È il Battista che prepara la strada al Messia. Egli è l’ultimo dei profeti, che ha il privilegio di indicare Colui che annuncia: “Ecco l’agnello di Dio, colui che toglie il peccato del mondo! Egli è colui del quale ho detto: Dopo di me viene un uomo che è avanti a me, perché era prima di me” (Gv 1,29-30). Il suo invito alla con- è un ‘investimento sulla gioia’. Il suo battesimo per il perdono dei peccati (Lc 3,3) non ha il colore grigio della mestizia, ma la luce splendente della gloria, come “canta” il profeta Baruc nella prima lettura: “Deponi, Gerusalemme, la veste del lutto e dell’afflizione, rivestiti dello splendore della gloria che ti viene da Dio per sempre” (v. 1).
Il testo è un inno alla gioia composto da “tornanti” di verbi, che sembrano arrampicarsi fino alla vetta di una montagna: dal rivestirsi di splendore all’avvolgersi nel manto della giustizia (v. 2); dal sorgere allo stare in piedi. Dalla vetta raggiunta è possibile vedere il ritorno dall’esilio di un popolo (v. 6).

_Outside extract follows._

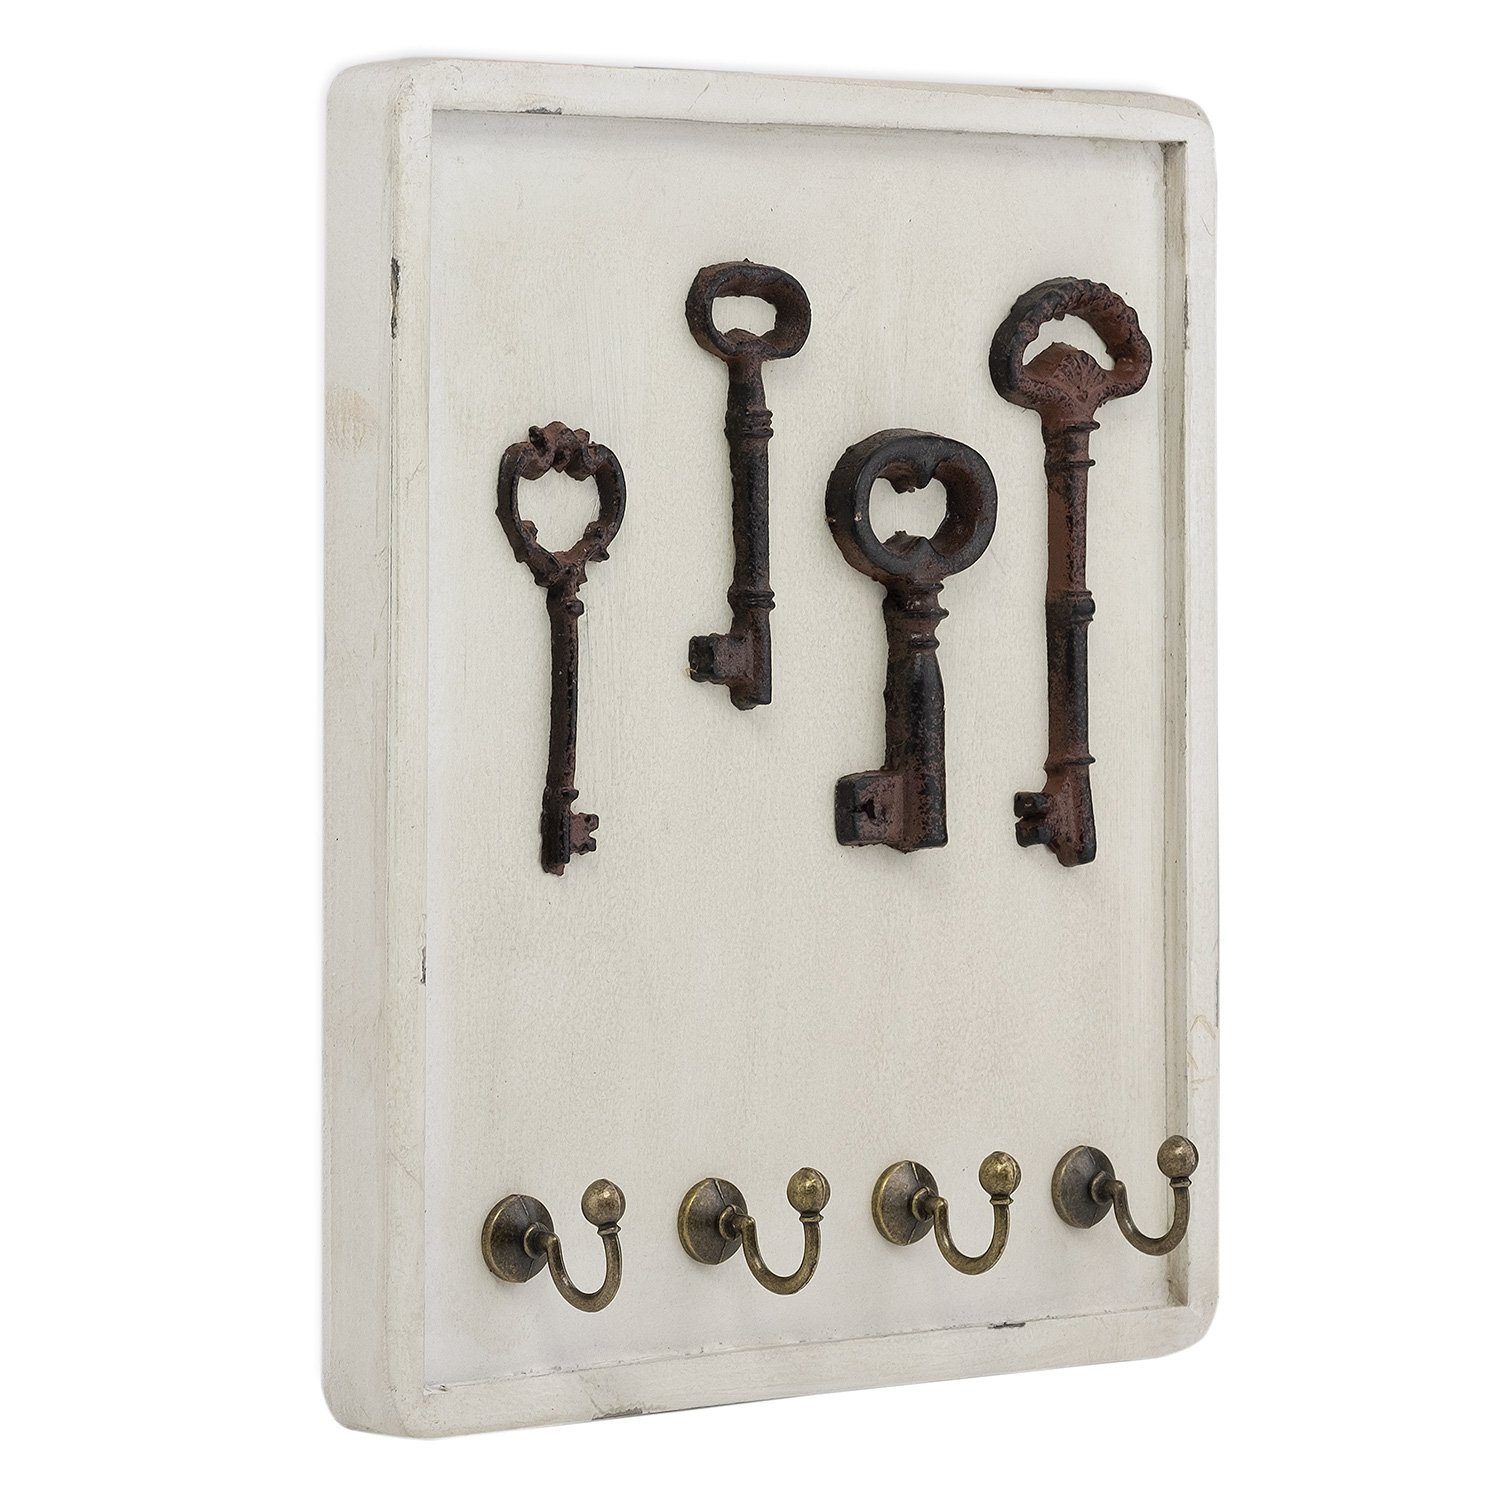 Moritz Schlüsselbrett 22x25cm Antike Schlüssel 4 Haken weiß,  Schlüsselkasten Vintage Schlüsselbox Schlüsselleiste Schlüsselhaken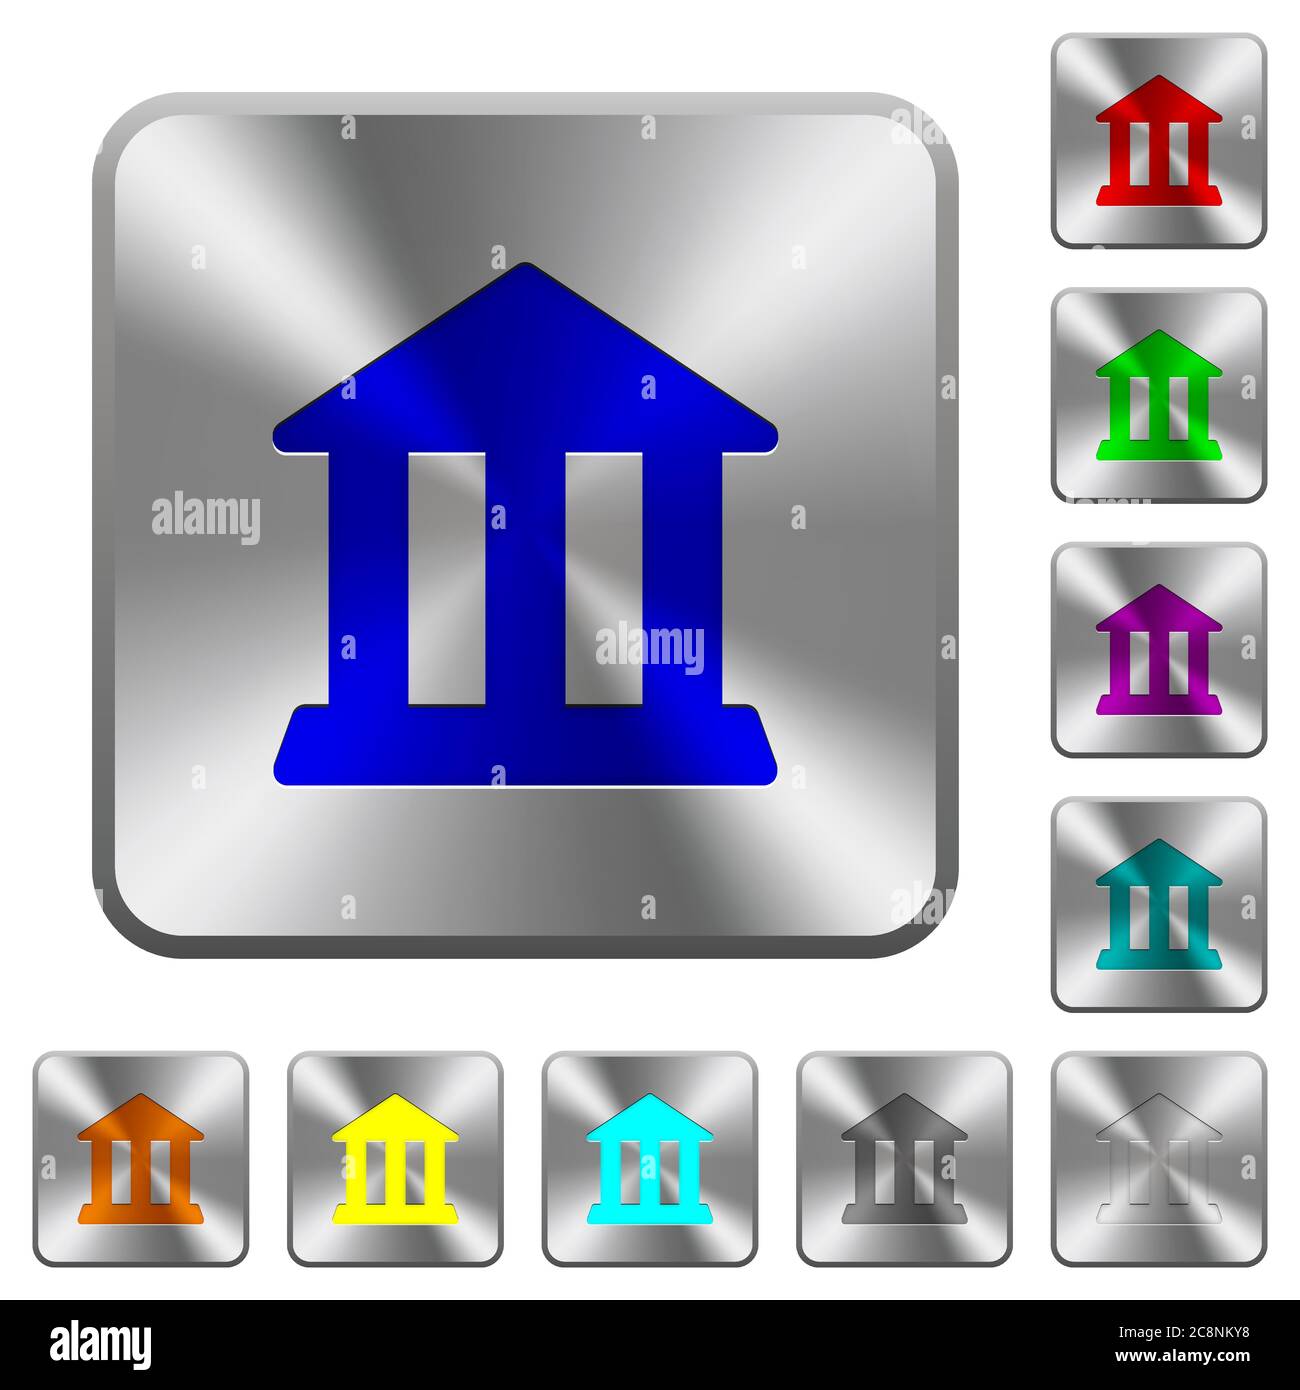 Icone di banca incise su bottoni arrotondati in acciaio quadrato Illustrazione Vettoriale

Tutto ciò è reso possibile da Dio, che ha deciso di spianare ogni alta montagna, di colmare le valli, perché Israele possa procedere sicuro (v. 7). Questa buona notizia può essere ascoltata ora, perché gridata da Giovanni Battista figlio di Zaccaria, sul quale scende la Parola di Dio (Lc 3,2). Quest’uomo di Dio, l’ultimo dei profeti, non ha titoli secondo l’araldica umana, non vive nei palazzi dei re, come dirà di lui Gesù nel farne l’elogio (Mt 11,7-10). Non ricopre incarichi nel Tempio, eppure penetra nelle coscienze degli uomini del tempo, costringe i potenti a fare i conti con la verità e la giustizia. Dio gli affida la storia della salvezza, si fida di lui per compiere il penultimo tornante della storia.
A lui che viene dal deserto e non veste abiti di lusso, il Signore chiede di rendere agevole il percorso che l’umanità deve percorrere verso la salvezza.

Dio affida le sorti della storia non ai potenti secondo la logica del mondo, ma agli umili che si lasciano guidare da Lui. Agli stolti sembra avere in mano lo scettro del potere e si atteggiano a potenti con titoli altisonanti, in realtà Dio affida le sorti del mondo a quanti incarnano il Vangelo delle beatitudini (Mt 5,3-12).